The whole EC is one, huge, macaronic verse. Who invented all these ways of saying? Does the proliferation of dialects come from innate dissatisfaction with any one set of tools? Or is it just another case of Us having to distinguish ourselves from Them? Even folk songs propagate like viruses. When one is struck up in a café, I can generally sing along, although I must substitute my cowboy stanzas for the local lyric. In any case, I'm proud of what modest Dutch I've gotten beneath the knee (under the belt). I manage a bit like that pooch I had as a child, who could sit, lie down, beg, jump, roll over, and play dead, but not necessarily to the right command. I know just enough' to get me in trouble with the "strange police," who did not believe that an American could really be writing a thesis on a four-hundred-year-old Flemish nonentity. They were on the verge of quizzing me on Rubens's dates before giving me the visa.
Herri hangs around my neck. I still can't say I know the first thing about the man. I've spent weeks in million-volume libraries, half a dozen first-rate art history collections, and no end of regional stadhuizen, and have turned up only the tip of already familiar evidence. Bles's life span remains, despite Yankee ingenuity, framed in question marks. I've nailed down an account of Patinir, with a suggestion that Bles was the older man's nephew or cousin. Fault Flemish; neef means either. What to do when one language has two words that the other smears into a single concept? Modalities continue to elude me: two kinds of forgetting, living, believing, remembering. Two distinct becauses! My attempts to read primary sources are humbling lessons in how enormously my own thoughts are bound in native lexicon. Whatever I call a thing, it is never quite what I've called it.

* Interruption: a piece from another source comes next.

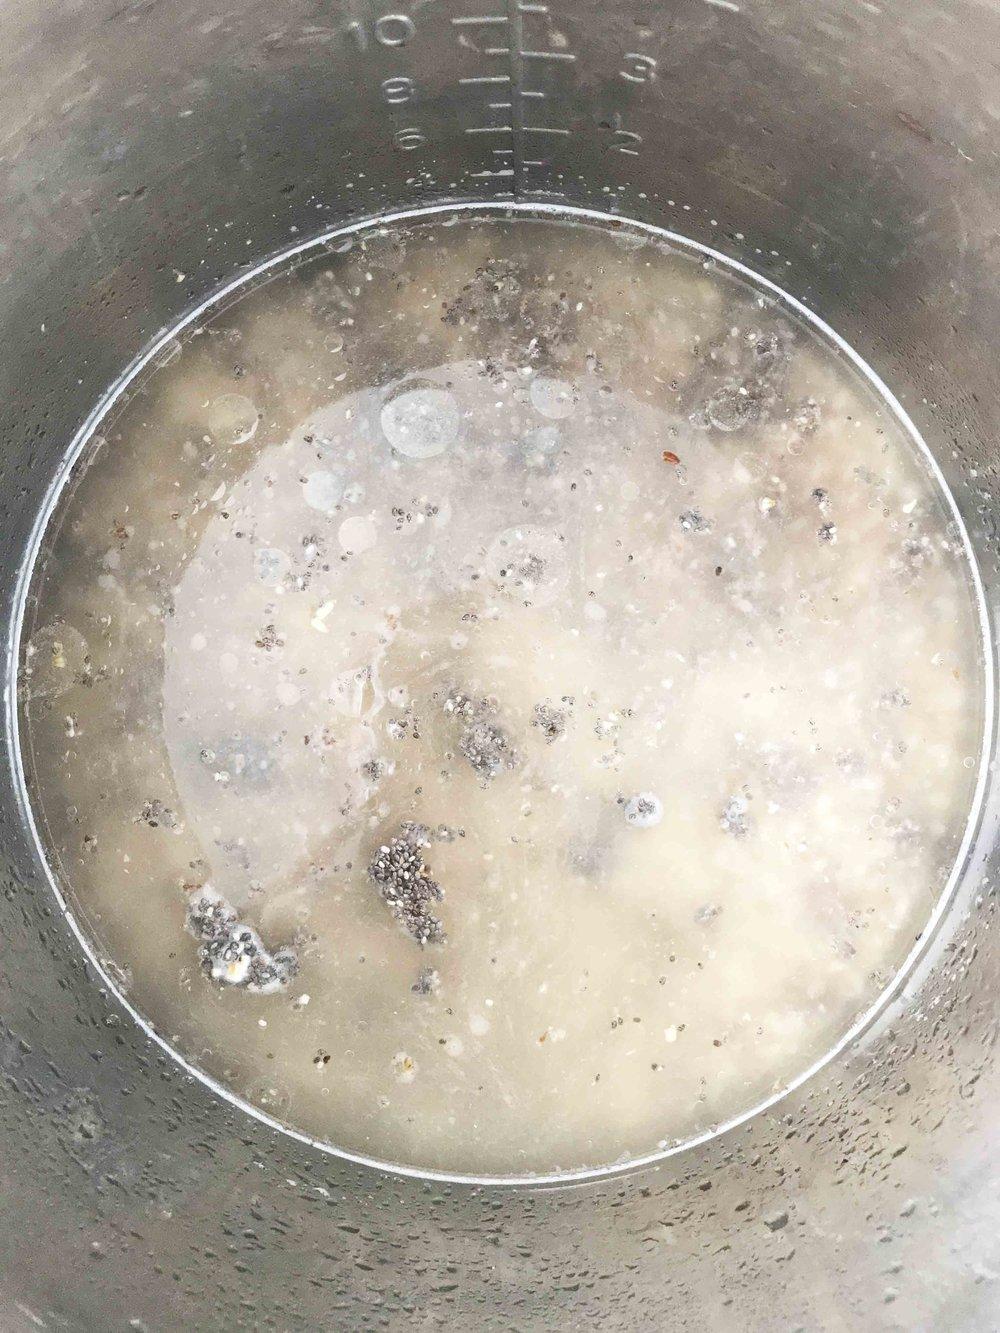 instant-pot-steel-oats.jpg

It's miraculous that my mother tongue allows me to realize even that much.
I've come across a source that confuses my man's dates with his cousin-uncle's. (I remember, two years ago, your take on those art-jargon letters fl. "How beautiful; it doesn't matter when the man lived — he flourished around 1542." Believe me: half the charm of this European supermarket raid is imagining what you would make of the Leuven town hall.) Met de Bles, or Blesse. Topknot. How's about Middle High Dutch: with the Blaze. An accident of health left a livid mark across his forehead. Or I could fake a theory: Blesse, a bleeding in of the French wound. Where's my co-conspirator when I need her?

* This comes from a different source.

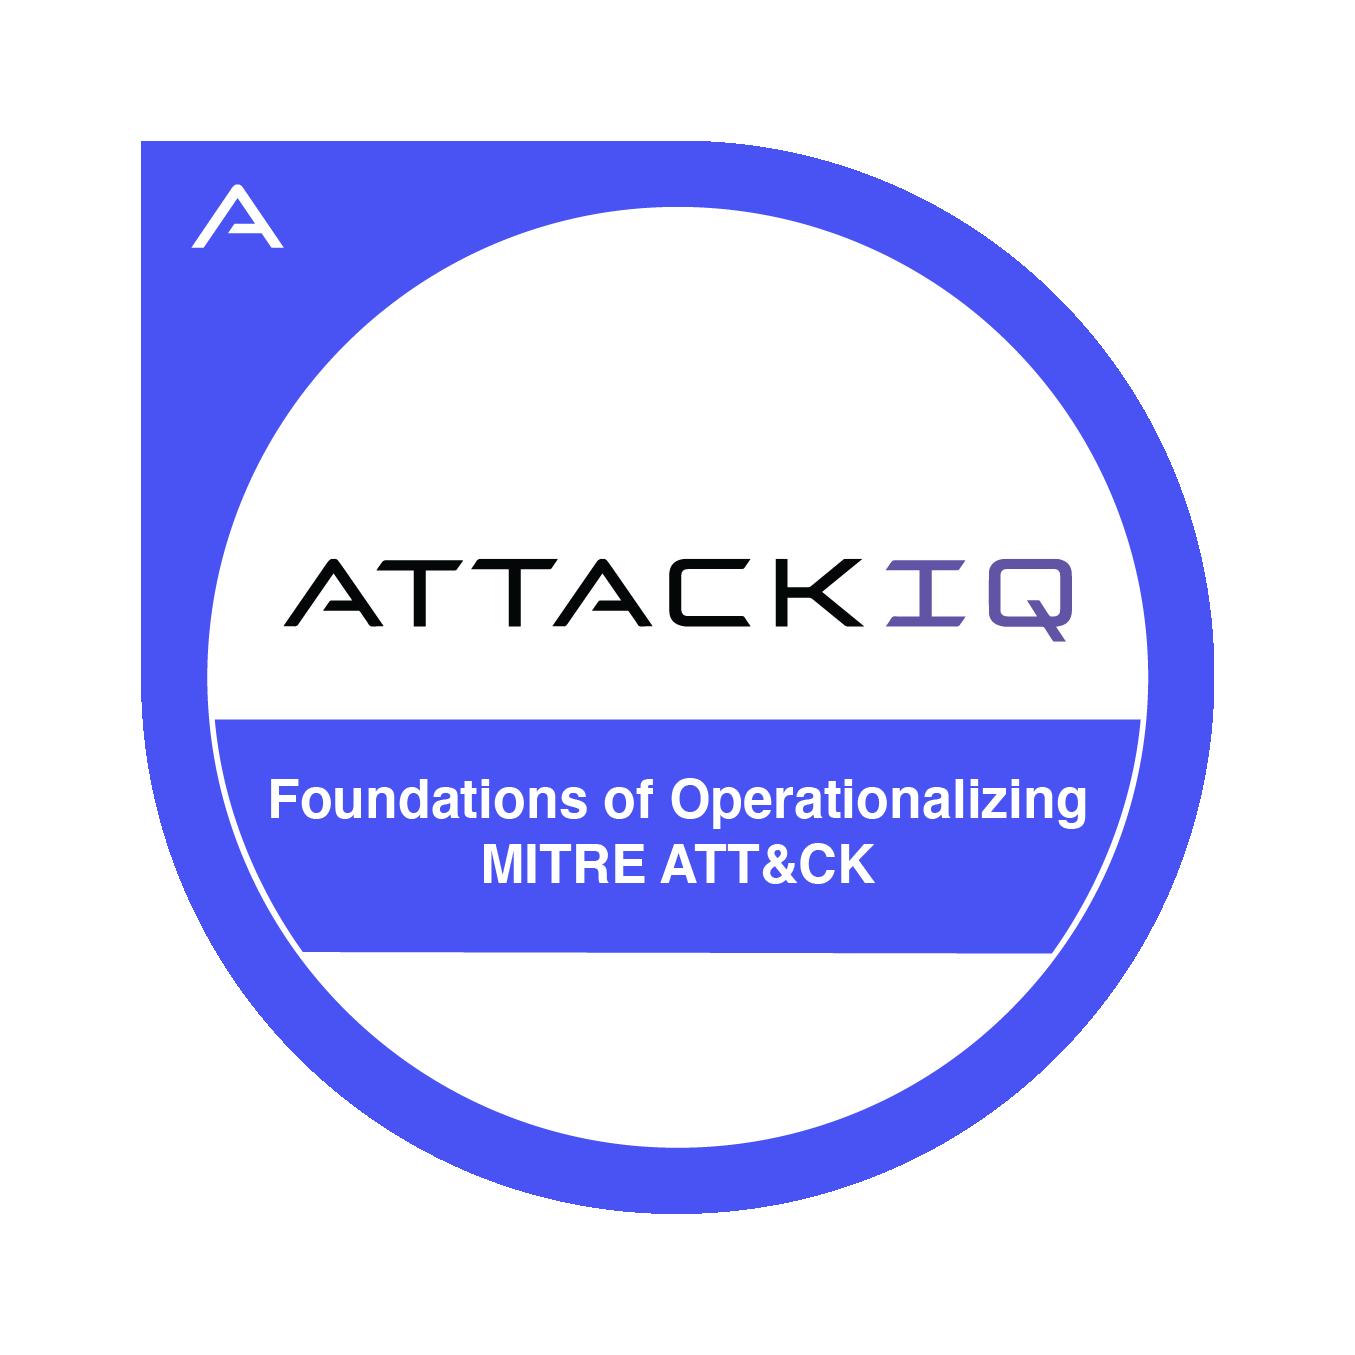 Foundations of Operationalizing MITRE ATT&CK

You want to know whether I have any new angle on the paintings themselves. The most convenient conclusion would be that met de Bles was actually a pseudonym, a composite of student panelists from Patinir's workshop, an art factory at least partly documented. I've hunted down a dozen panels. In the paintings themselves (all that's left of Herri, now that his blaze has faded), nothing but the trace of competence — a jagged line, an apprentice, conventional, narrow use of color, a formulaic compositional sense. None is more than marginally memorable except the occasional pastoral arrangement with, somewhere in the background, the chance catastrophe — the painted town in the nonchalant process of being lost.